Youth centres are funded by the state and the municipality. Each of these fund always half of the total personnel costs of the youth centre. Buildings are provided or funded by the municipality and furnishings are funded by the state. The total budget of the National Youth Service was € 19 982 436 in 2018 and has increased to € 33 497 912 in 2022. Other youth initiatives (e.g. political youth parties) are funded by the budget line 'Subsides pour activités dans l'intérêt des jeunes' with a total amount of € 105 000 (in 2022).
Luxembourg is involved in the Erasmus+ programme and European Solidarity Corps which are the most important international funding sources for youth work activities in Luxembourg.

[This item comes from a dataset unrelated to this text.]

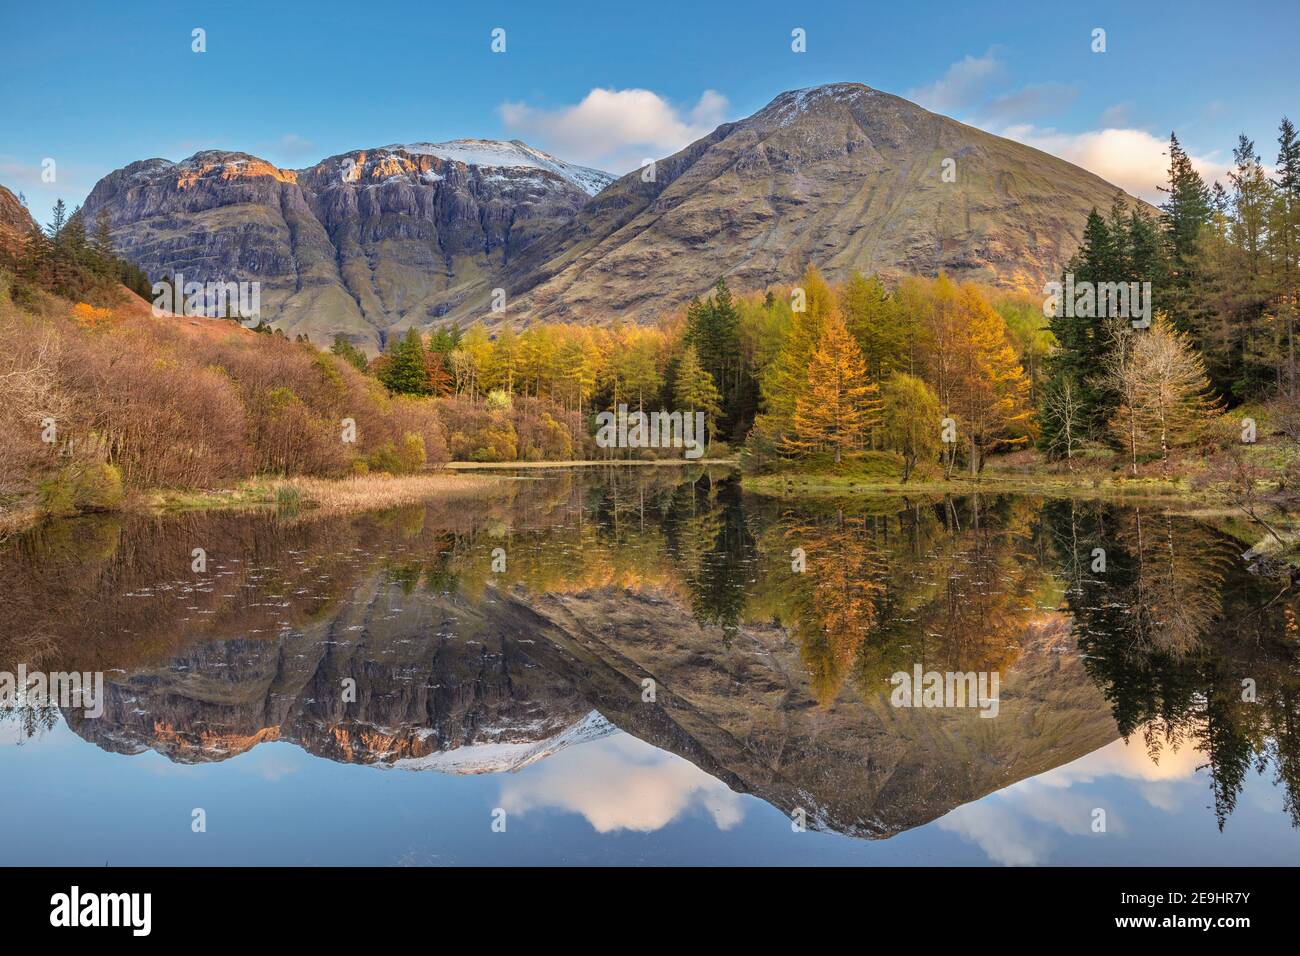 Glencoe, Scotland: A small pond with fall reflections and the mountains of Glen Coe Stock Photo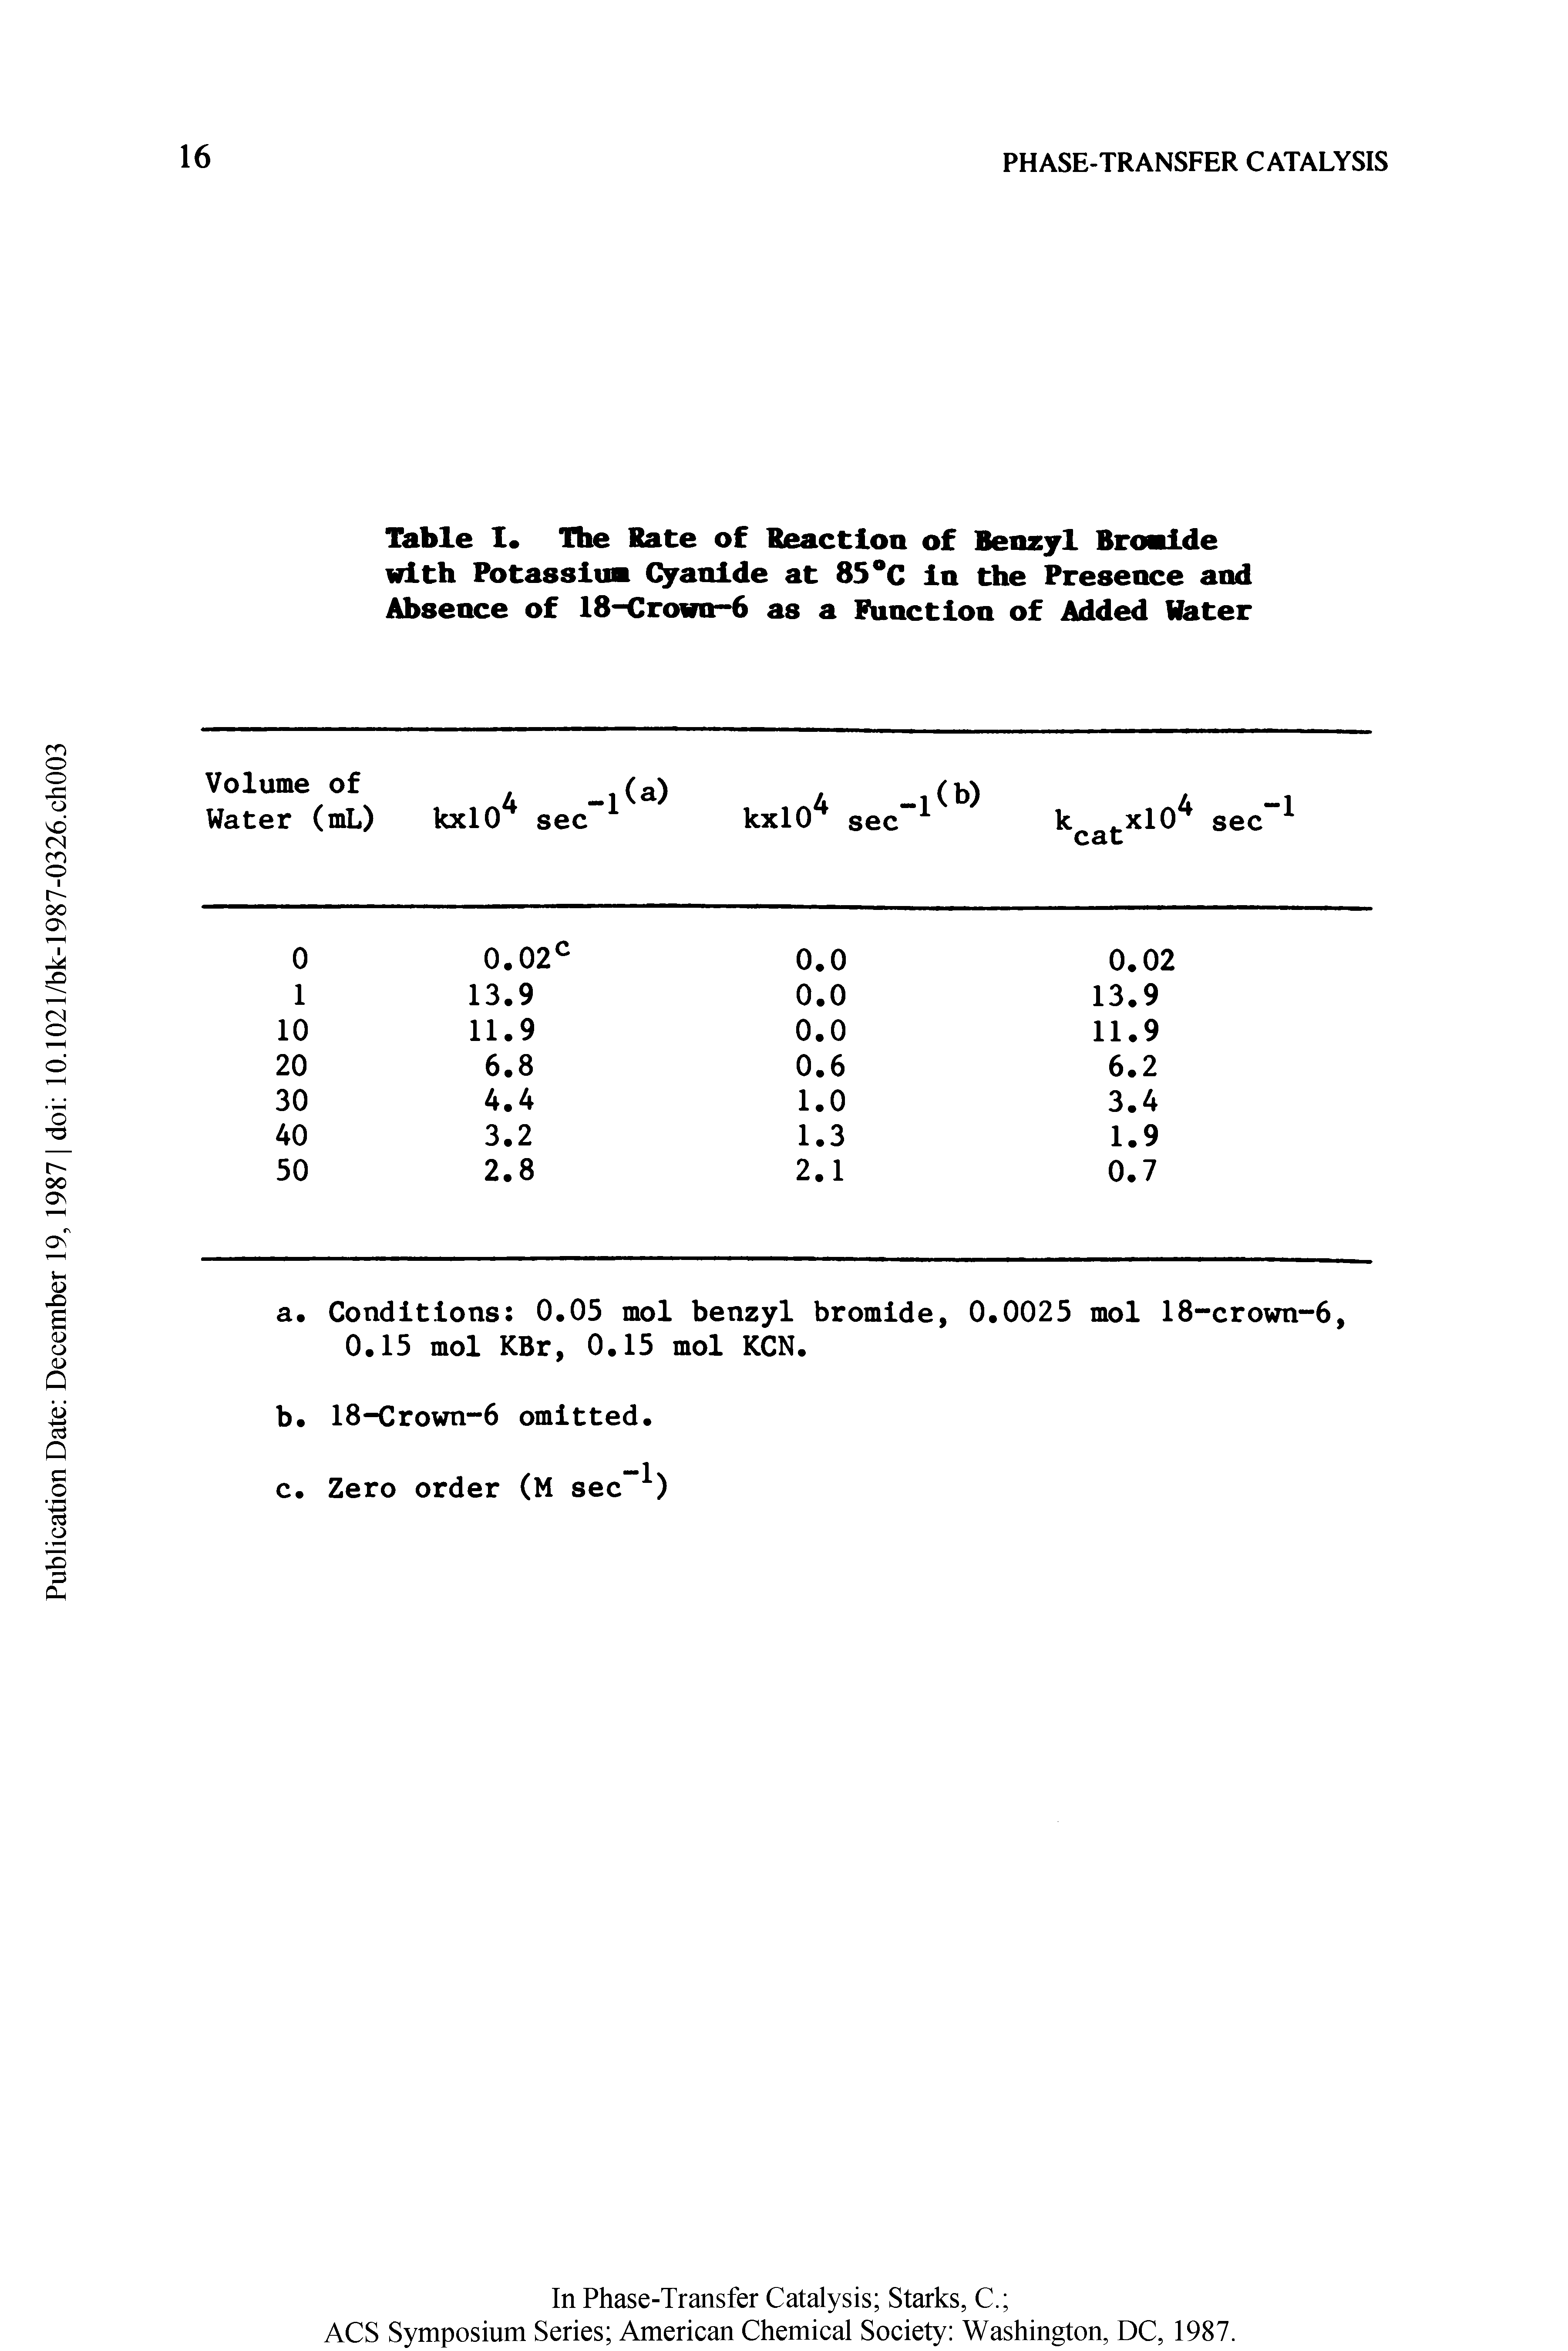 Table X The Rate of Reaction of Benzyl Broalde with Potasslua Cyanide at 85 C In the Presence and Absence of 18-Crown 6 as a Function of Added Water...

There are several types of cooperation between youth work stakeholders:
- The 'Daachverband vun de Lëtzebuerger Jugendstrukturen' (DLJ), the national umbrella NGO of 18 supporting youth services and 61 local youth centres, supports youth work. The main tasks of the DLJ include the promotion of exchanges, coordination and cooperation between members, support for the work of youth centres and services, increasing the awareness of open youth work and the representation of members' interests abroad in the relevant political bodies
- The commission of the national framework on non-formal education of children and young people (commission du cadre de référence national) is composed of representatives from different ministries (e.g. education, sports, culture, health) and other public bodies (2017 grand-ducal regulation, Art. 1). It is in charge of elaborating and evaluating the national framework on non-formal education of children and young people
- The commission for lifelong learning (Commission de la formation continue) is composed of representatives from different ministries (e.g. education, sports, culture, health) and other public bodies (2017 grand-ducal regulation, Art. 10). It is in charge of the validation and recognition of lifelong learning activities of youth workers
- The Higher Youth Council (Conseil Supérieur de la Jeunesse) is composed of 22 representatives from several organisations and administrations that are concerned with youth issues (including eight young representatives from youth organisations, four representatives from youth services, four representatives from organisations which work on behalf of young people, two student representatives, one representative of Syvicol, one representative from the National Assembly of Young People, one representative from the ministry in charge of youth policy and one representative from youth research) (2015 grand-ducal regulation on youth, Art. 1).
There are further ad hoc cooperations between youth work stakeholders. For example, in the form of a round table and workshops on media use and consumption, jointly organised by the DLJ and the National Centre for the Prevention of Substance Abuse, or the campaign Social Boys which aims at encouraging boys to engage in youth work, organised by the DLJ in cooperation with infoMann and the Ministry of Equality between Women and Men.